### [GIVEN MATERIAL]
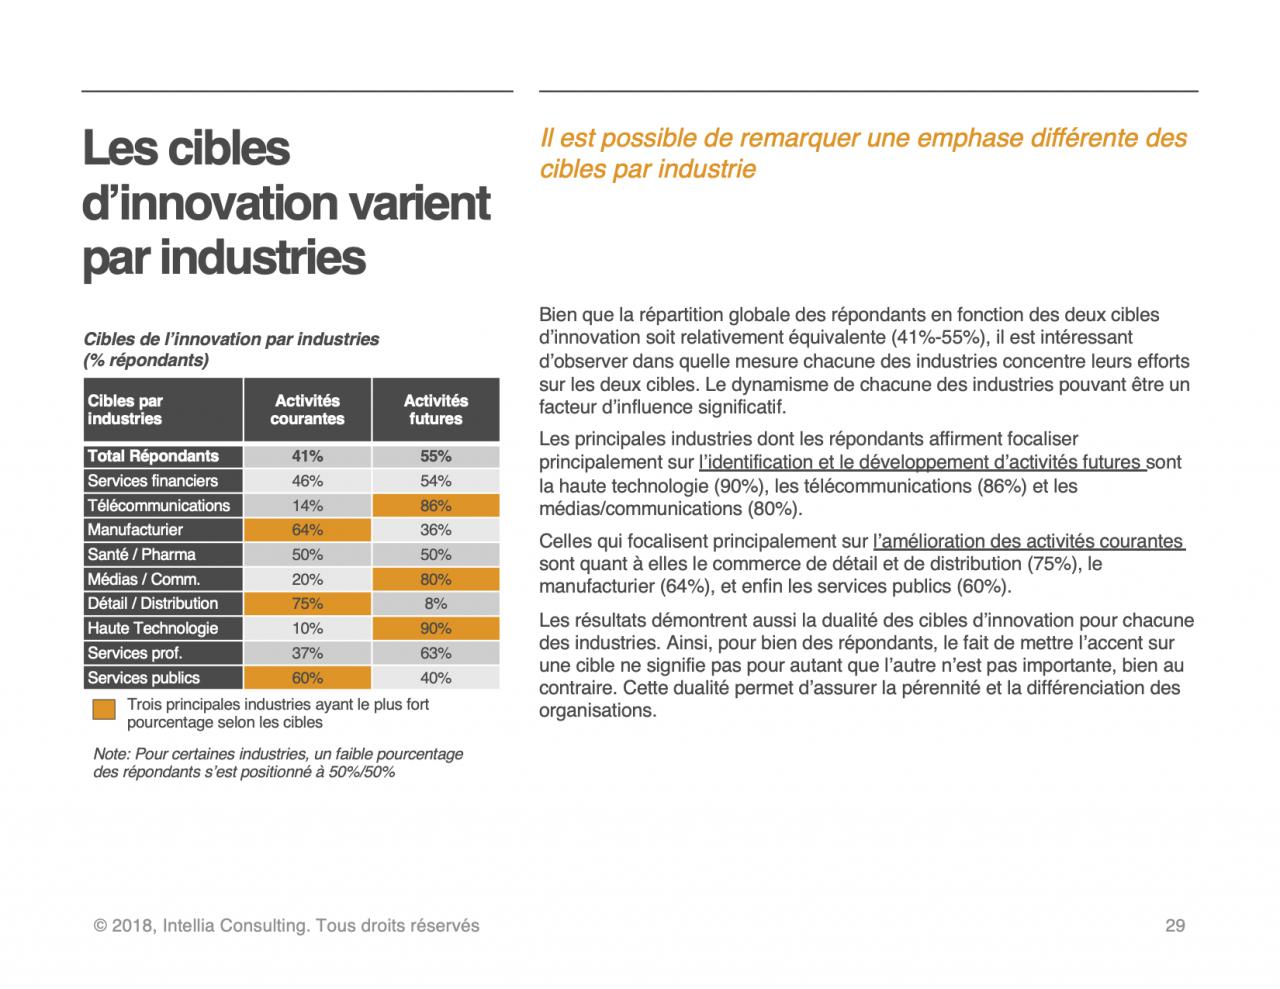 Cibles d'innovation par industries
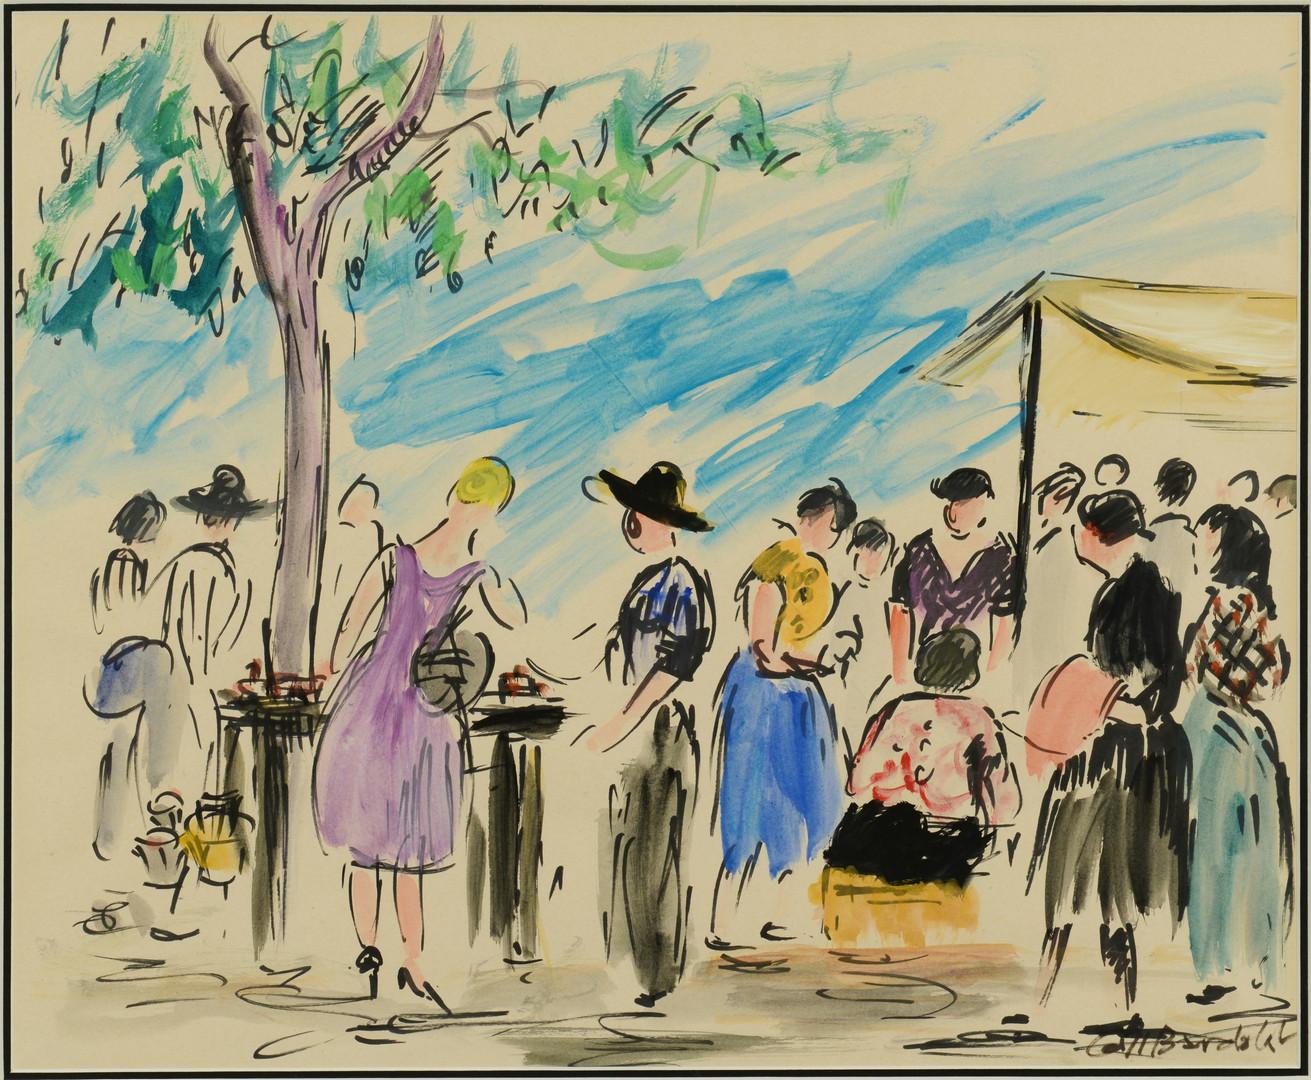 Lot 366: Bardolet Street Scene Watercolor
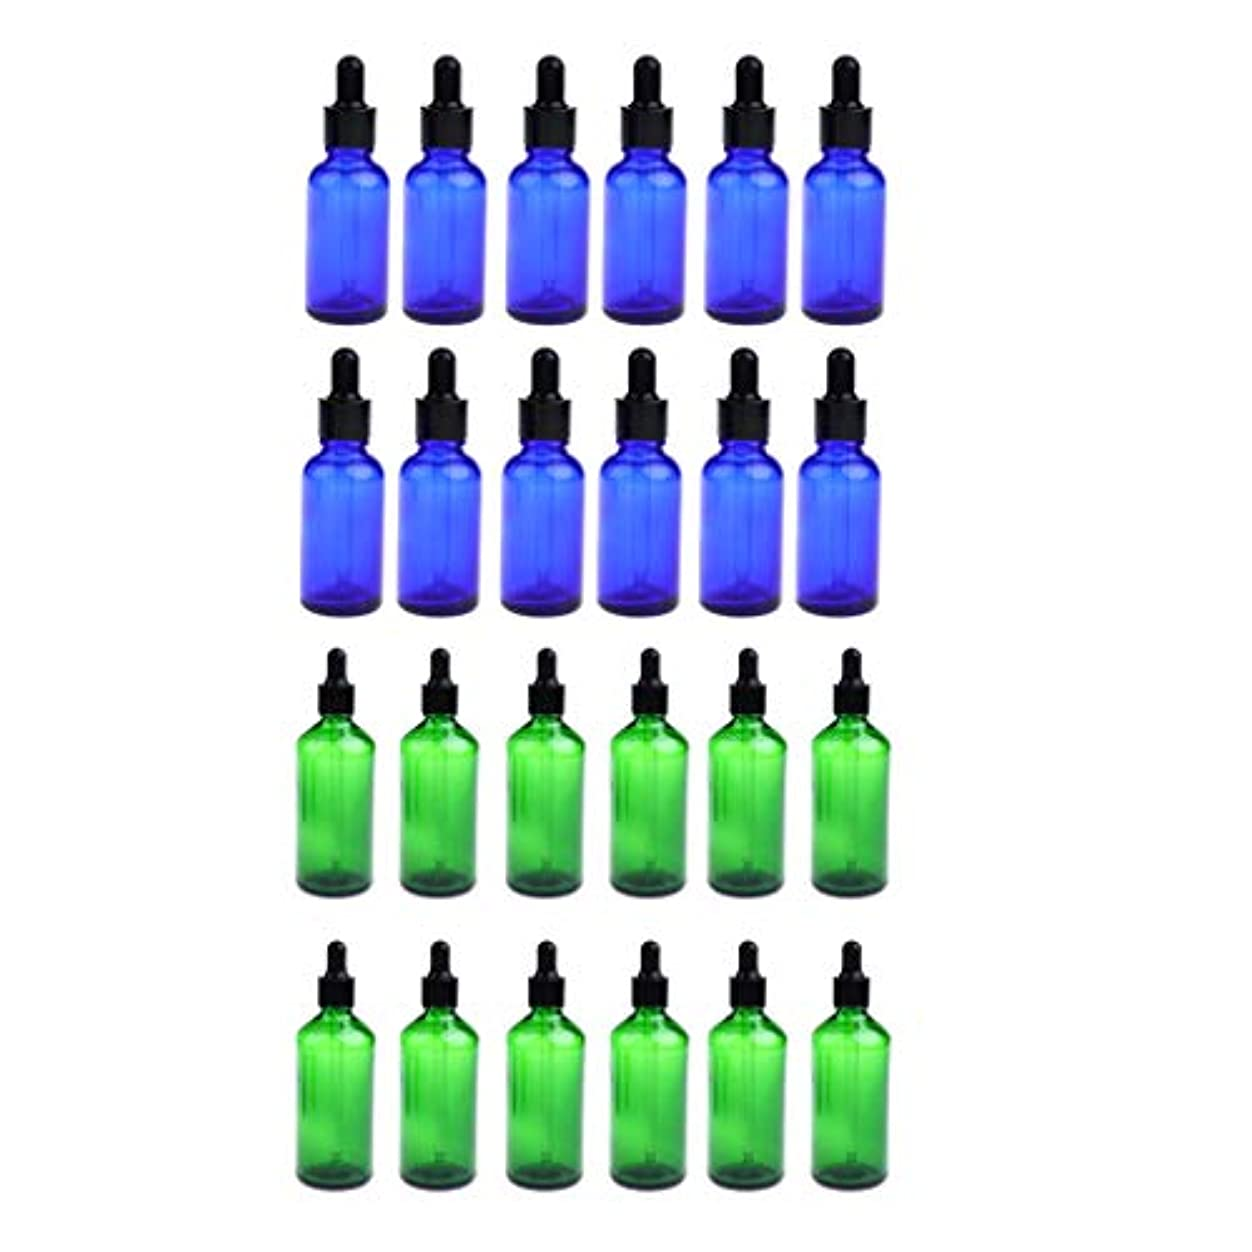 コンパイルサーフィンシェトランド諸島24個 ガラス瓶 アロマボトル 空のボトル 精油瓶 遮光ビン エッセンシャルオイル 詰替え 液体容器 30ミリ 緑+青
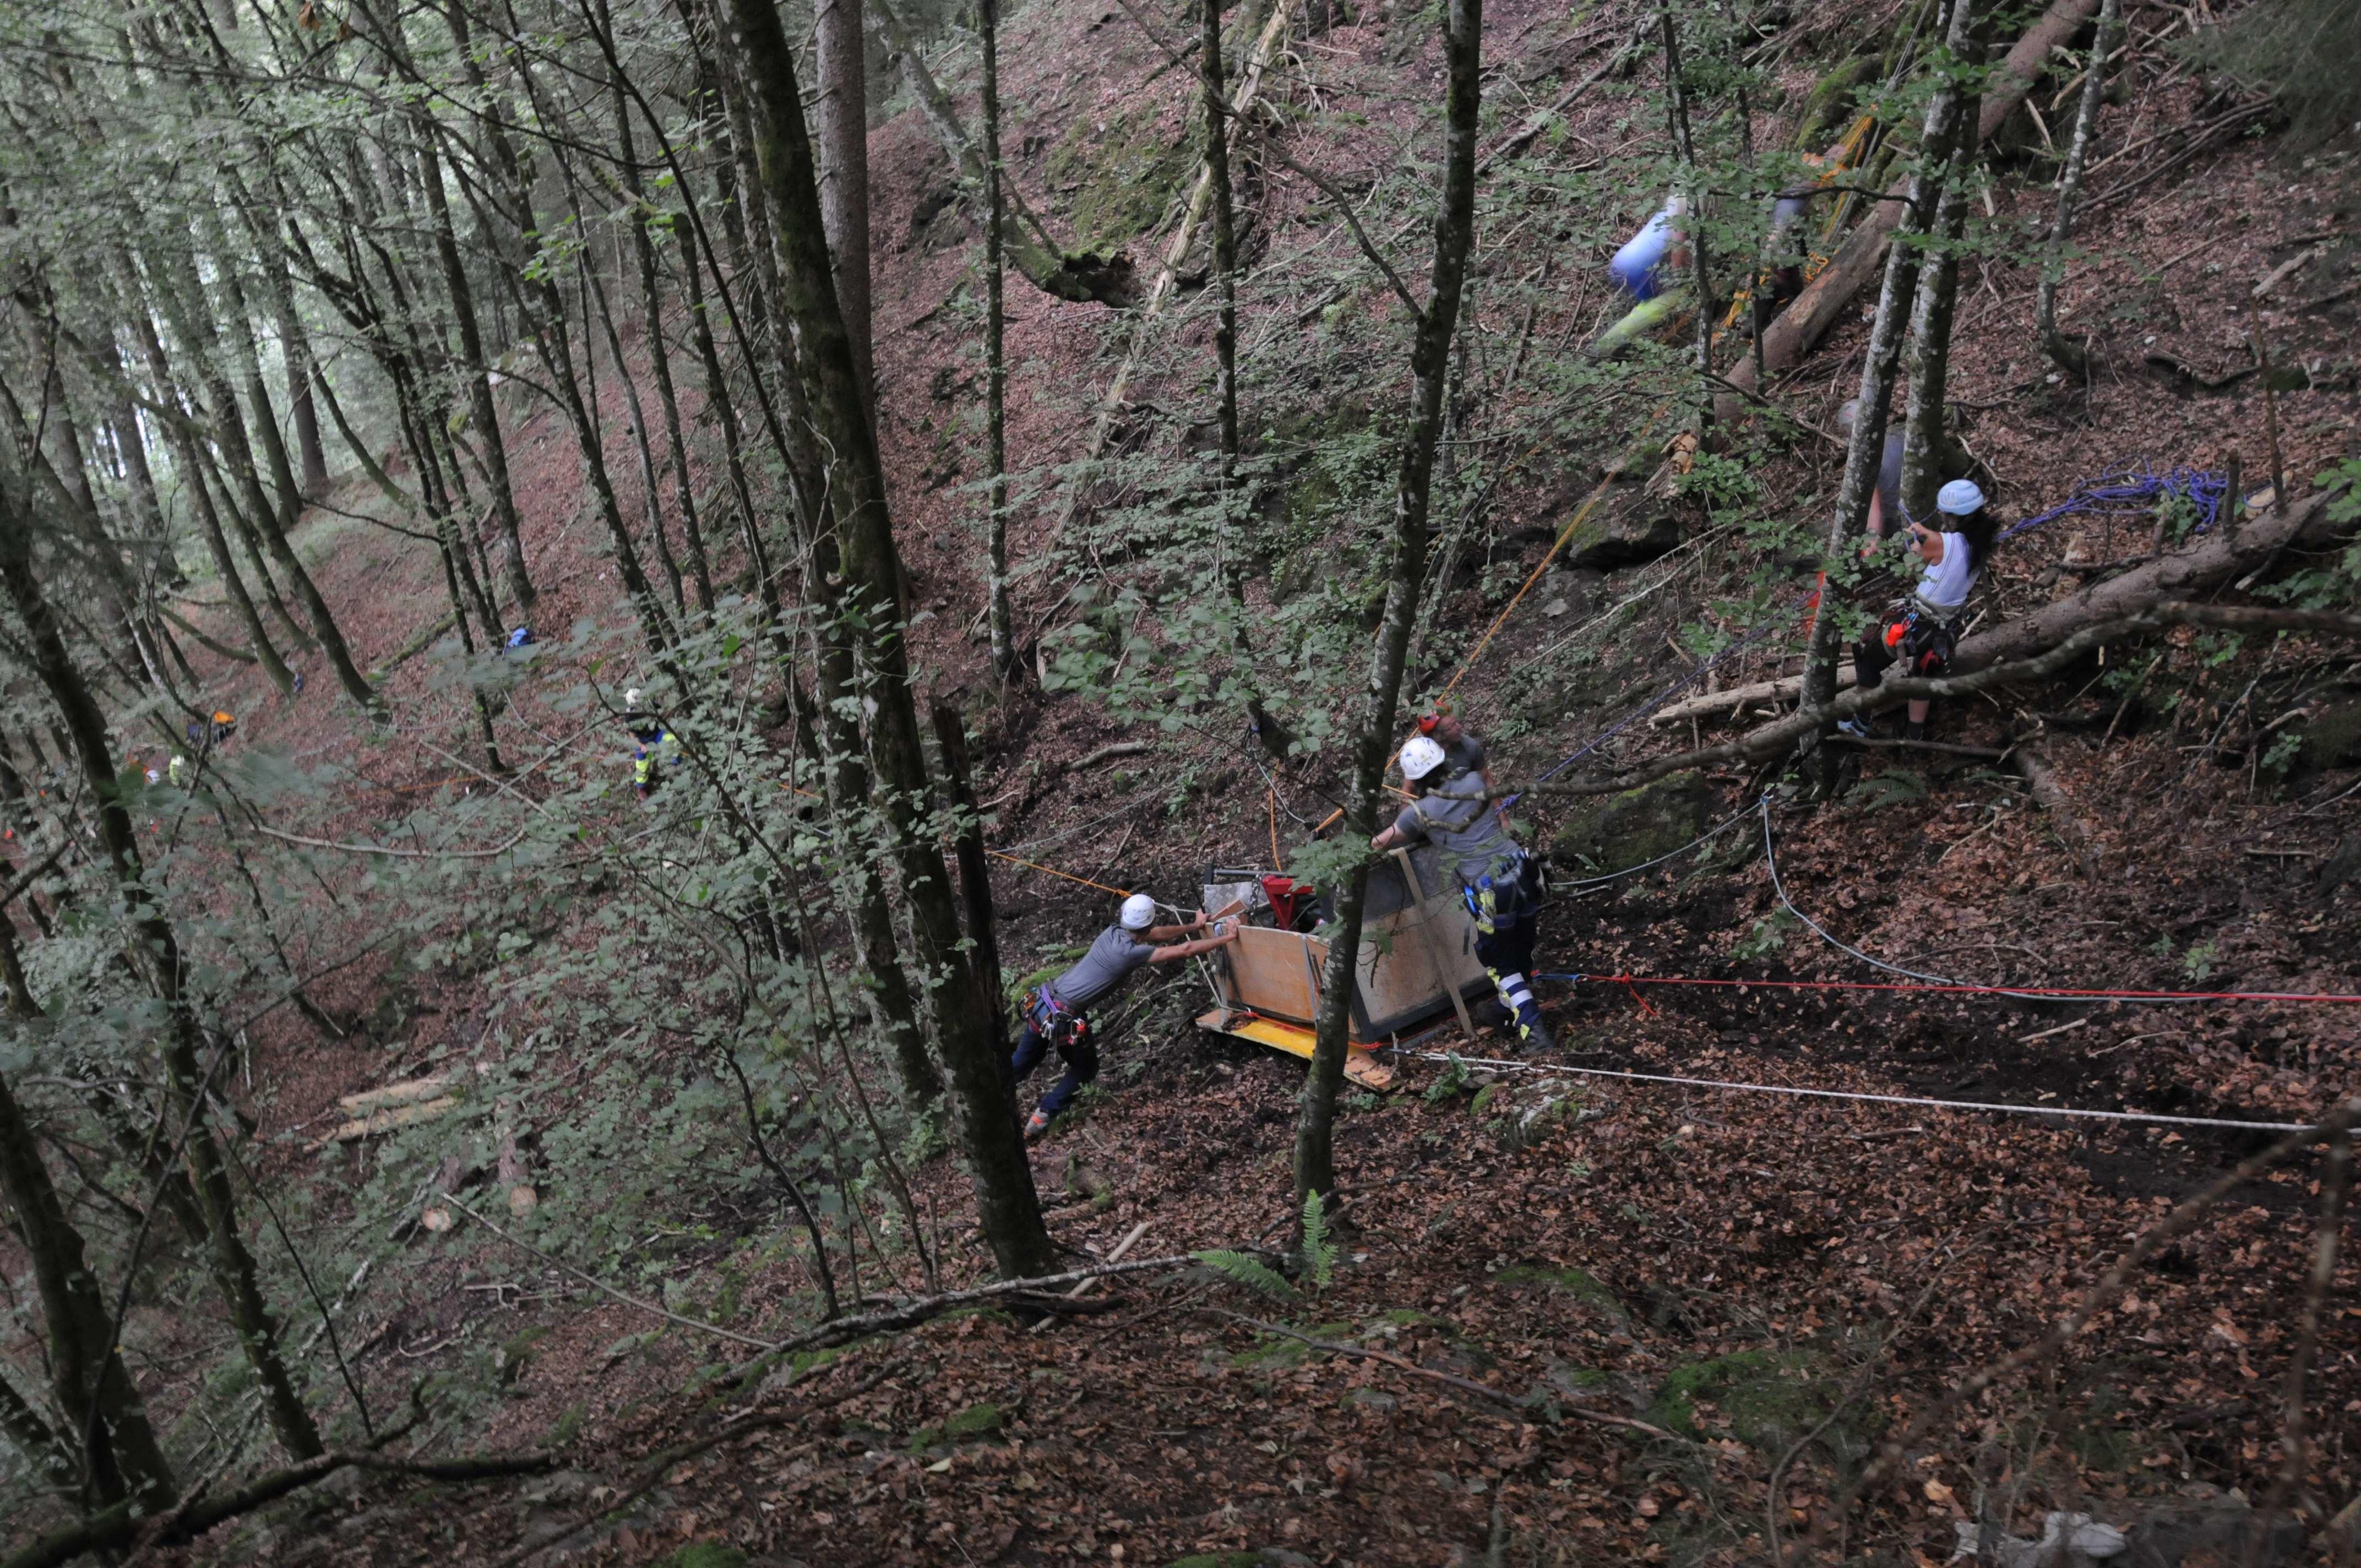 Beim Unglück mit der abgestürzten Transportseilbahn kamen zwei Menschen ums Leben.

### [TASK BRIEF]
Go to the line containing "Lot 366: Bardolet Street Scene Watercolor", then write out word for word every line from there to the end of the listing. Keep both end lines and drop the pictures.

### [ANSWER TO THE PROBLEM]
 Lot 366: Bardolet Street Scene Watercolor
 コンパイルサーフィンシェトランド諸島24個 ガラス瓶 アロマボトル 空のボトル 精油瓶 遮光ビン エッセンシャルオイル 詰替え 液体容器 30ミリ 緑+青
 Beim Unglück mit der abgestürzten Transportseilbahn kamen zwei Menschen ums Leben.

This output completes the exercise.